Is it possible to test the wrong amount in your feasibility study?

David Malone

By Dave Malone, President

When a small group of conservation advocates told us they wanted to build a special exploration center, we thought: so far, so good.  When they told us it would cost $68 million, our eyes grew wide and we privately gasped.  While campaigns do succeed at that size and more all over the country, this was a small startup venture that was just an idea at the time.  Fortunately, the group agreed a feasibility study would be a good first step before committing to a substantial campaign of that size.
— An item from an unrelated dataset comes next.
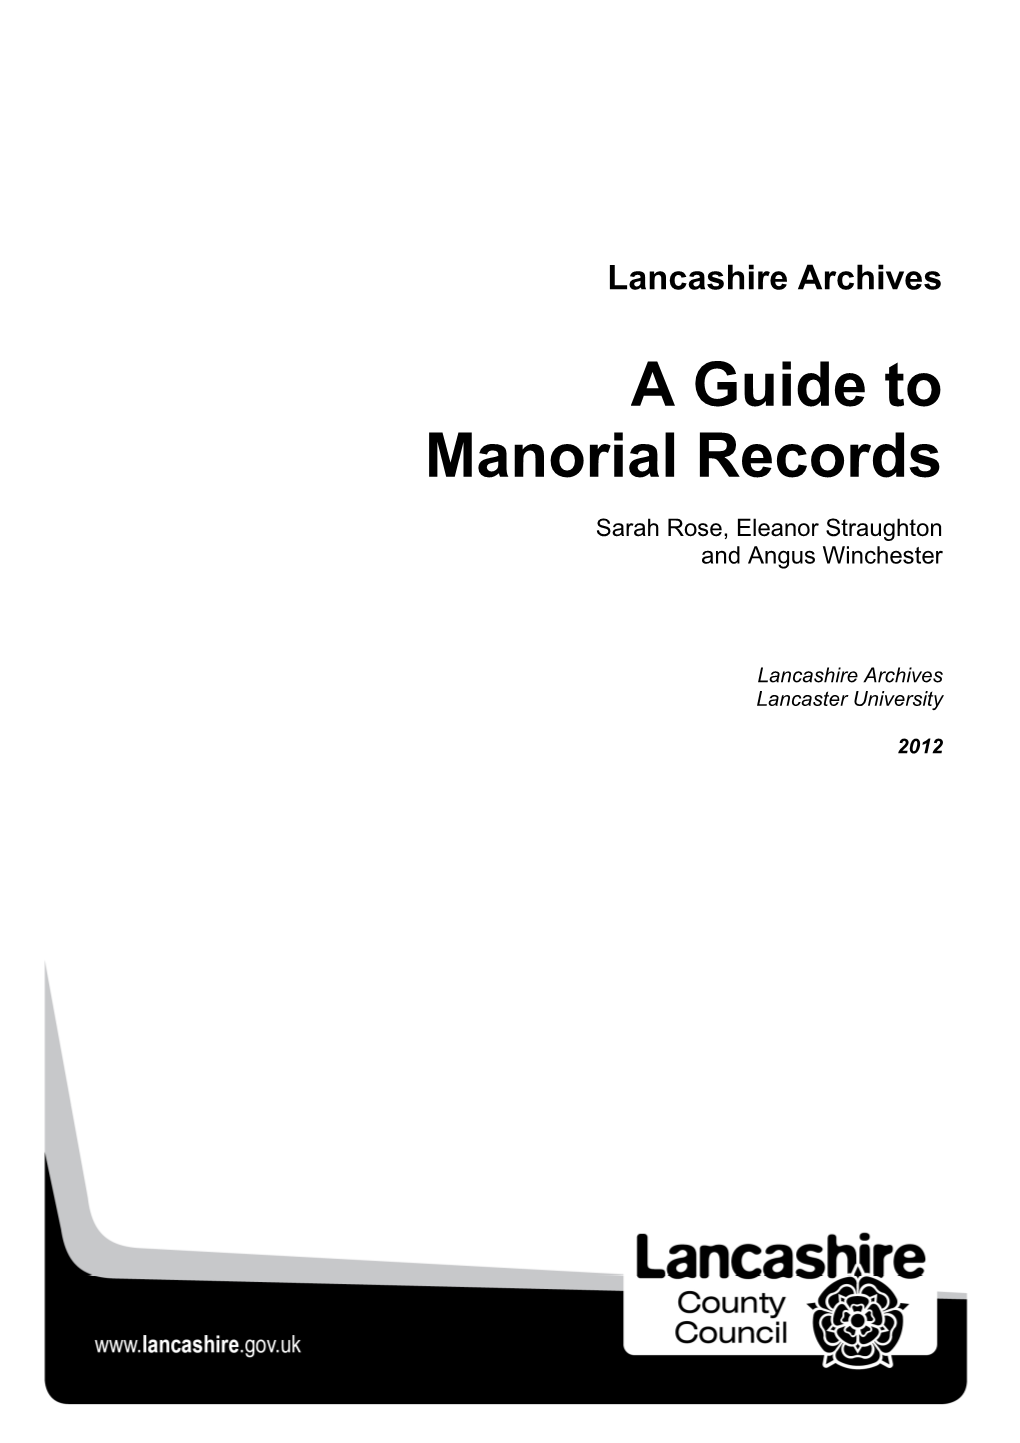 Guide to Lancashire Manorial Records Final

As we prepared to conduct the study, we grew concerned about how participants would feel about the project and in particular, the projected cost.  But as objective and impartial exercises, feasibility studies aren’t about pre-judging outcomes; they’re about measuring existing donor feedback to the nonprofit’s vision and dream.  On several occasions, we’ve seen campaigns with ambitious goals succeed, sometimes even going over goal!

We started the study as we would any other but by the time we got to the fifth interview, we noticed a concerning pattern was developing.  Participants were floored by the projected cost.  With that early feedback, limited as it was, we recognized that the feasibility study was doing more harm than good and that the high project cost was creating serious credibility issues with the very people that would be needed to make the project succeed.

We hit the brakes and discussed the challenge with our client and recommended that the overall project be divided into smaller distinct phases, each with a lower price tag.  Instead of swinging for the fences and presenting the project as a huge single project, we conducted the remaining study interviews by presenting an incremental project with progressive steps that could culminate in the entire campus being built, eventually.  This strategy was effective at helping study participants see the project as achievable if completed in less expensive stages.

Even with this new strategy, the feasibility study revealed there was not enough donor support to proceed with the project at that time.  Was the study a failure?  Not at all!  The feasibility study did exactly what it was designed to do by revealing that the fundamentals for a successful campaign were not in place and the young organization was not ready for a project of this magnitude.  The study likely saved this organization years of struggle, frustration and discouragement (and a lot of fundraising expense) with a campaign that was never likely to succeed.